L’usage du noir et blanc lui permet d’aller à l’essentiel, sans trop de chichis, « de rester focalisé sur les sentiments et la gestuelle, car les couleurs peuvent déconcentrer », dit le photographe, devant une série d’oeuvres réalisées sur miroir, à l’aide d’une technique inédite. Il a imprimé les photos sur papier transparent, puis les a compressées sur miroir, insistant de nouveau sur l’idée du reflet de soi-même, sur la projection que l’on effectue sur notre entourage.


Lever la tête vers le ciel : Ne me demande compte de rien, par ta miséricorde.

La montagne du salut

Ce n’est donc pas par hasard que sidi Abou Al-Hassan Al-Chazli a confié un jour à son disciple et successeur, Al-Morsi Abou Al-Abas (1219-1281) : « A la montagne d’Homaïthéra, tu vas voir ! ». Car dans ce lieu, à l’écart du temps, on se sent complètement en retrait par rapport au monde terrestre. Les regards des fidèles miroitent une nuance de mystère et de profondeur, l’invisible auquel est relié le ravi en Dieu (magzoub). Les inspirations et les dévoilements dont il est gratifié sont certes de purs dons, mais généralement aussi le résultat d’une grande discipline spirituelle.

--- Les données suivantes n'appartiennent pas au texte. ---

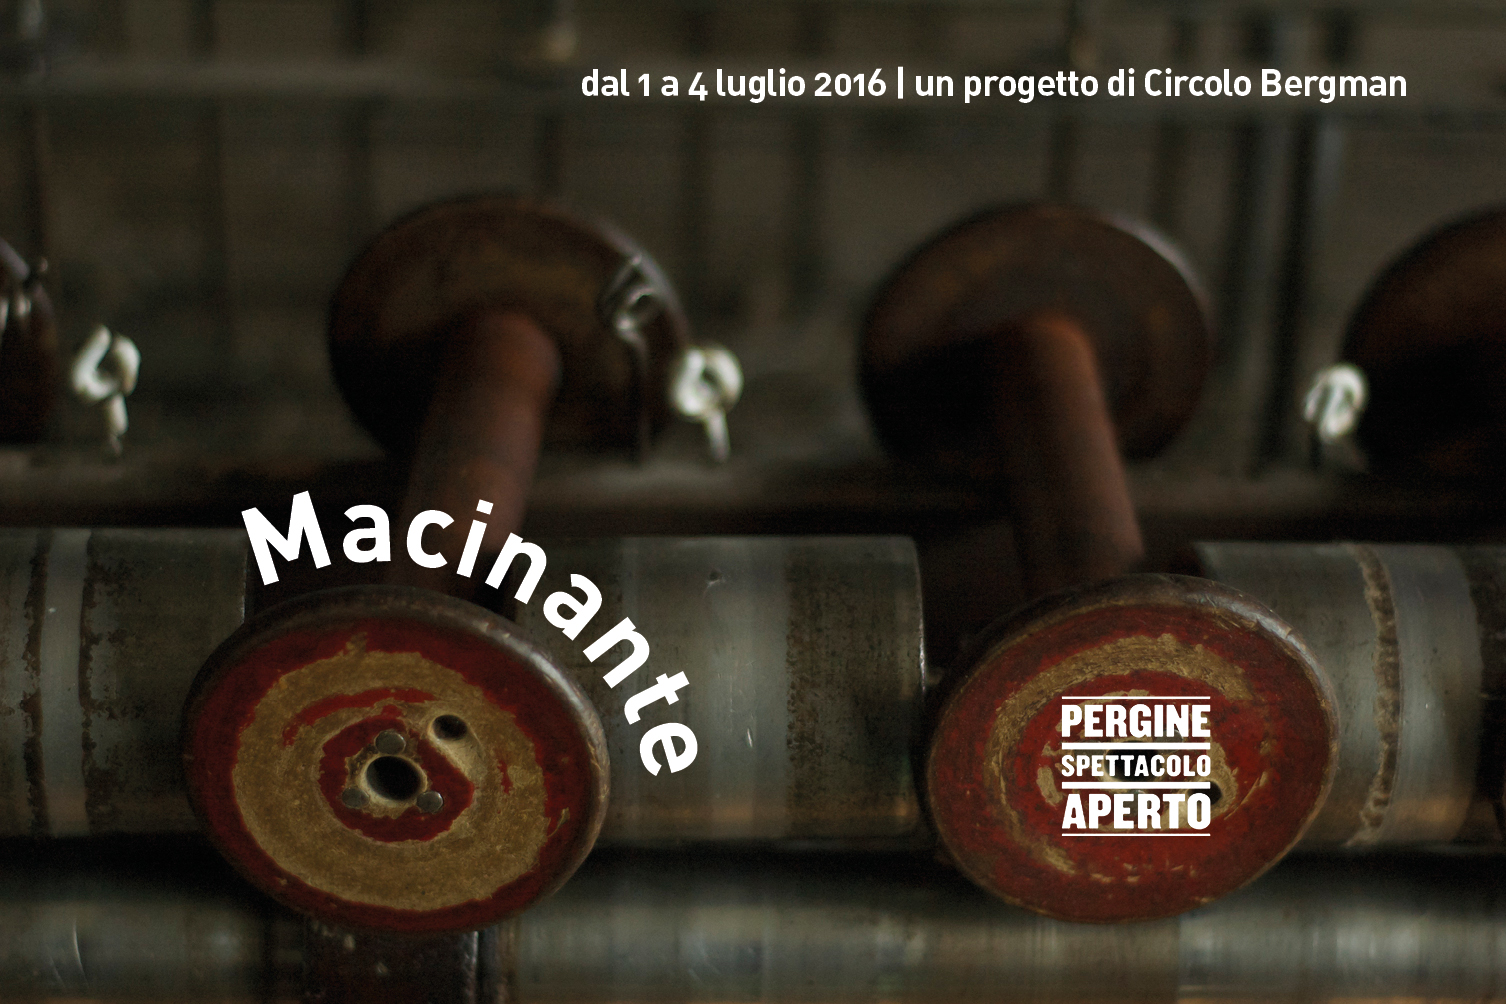 Macinante_Immagini_NEW_OK7.jpg

« A la montagne, tout est en harmonie, rien n’est en conflit. Chacun y trouve sa quête, celui qui cherche à apprendre pourra y parvenir, celui qui est venu accompagner sa famille se sent parfaitement intégré … Il y a aussi ceux qui en profitent pour voler. Moi, avec mon appareil photo, … Personne ne remarquait ma caméra, ni m’interrogeait sur ce que je comptais en faire. Je prenais les gens en photo, pour capter un instant précis, puis j’allais vers eux, aimablement, demander leur permission. Là-haut, les divers sons cohabitent paisiblement : le bruit du vent qui souffle, quelques versets coraniques récités par les uns, un peu de musique provenant de loin », explique Mohamed Mahdy, qui a essayé, avec le curateur hollandais de l’exposition Bertan Selim, de ressusciter cette ambiance sereine grâce à l’agencement bien maîtrisé des oeuvres, mais aussi par le recours à la musique et à des vidéos filmées pendant le mouled, à l’intérieur du mausolée comme ailleurs.


Des regards qui en disent long.​

Une symbiose s’établit à travers ce flux extatique. Des chants traditionnels soufis, interprétés par le cheikh Sayed Assar Al- Maalawi, sont à peine perceptibles dans la salle, des louanges du prophète sont répétées par les fidèles présents à l’intérieur du mausolée, dans la vidéo. Et dans le film de 5 minutes, coréalisé avec Seif Abdallah, la voix du cheikh Al-Naqchabandi (1920-1976) se mélange à des airs classiques, empruntés à une secte chrétienne. Tous les chemins mènent à Dieu. Et les dévots qui n’ont pas forcément accès aux textes écrits peuvent écouter des poèmes soufis, répéter des chansons qui permettent de fixer la légende du saint plus qu’aucune biographie. Les appels explosent en plein chant, portant l’ivresse et la sensibilité spirituelle à leur comble. C’est là que tout commence comme le précise le titre de l’exposition en anglais, A place to begin.

Jusqu’au 30 décembre, à l’espace culturel Shelter, à Alexandrie. 52, rue Fouad, Attarine. De 11h à 21h, sauf le vendredi.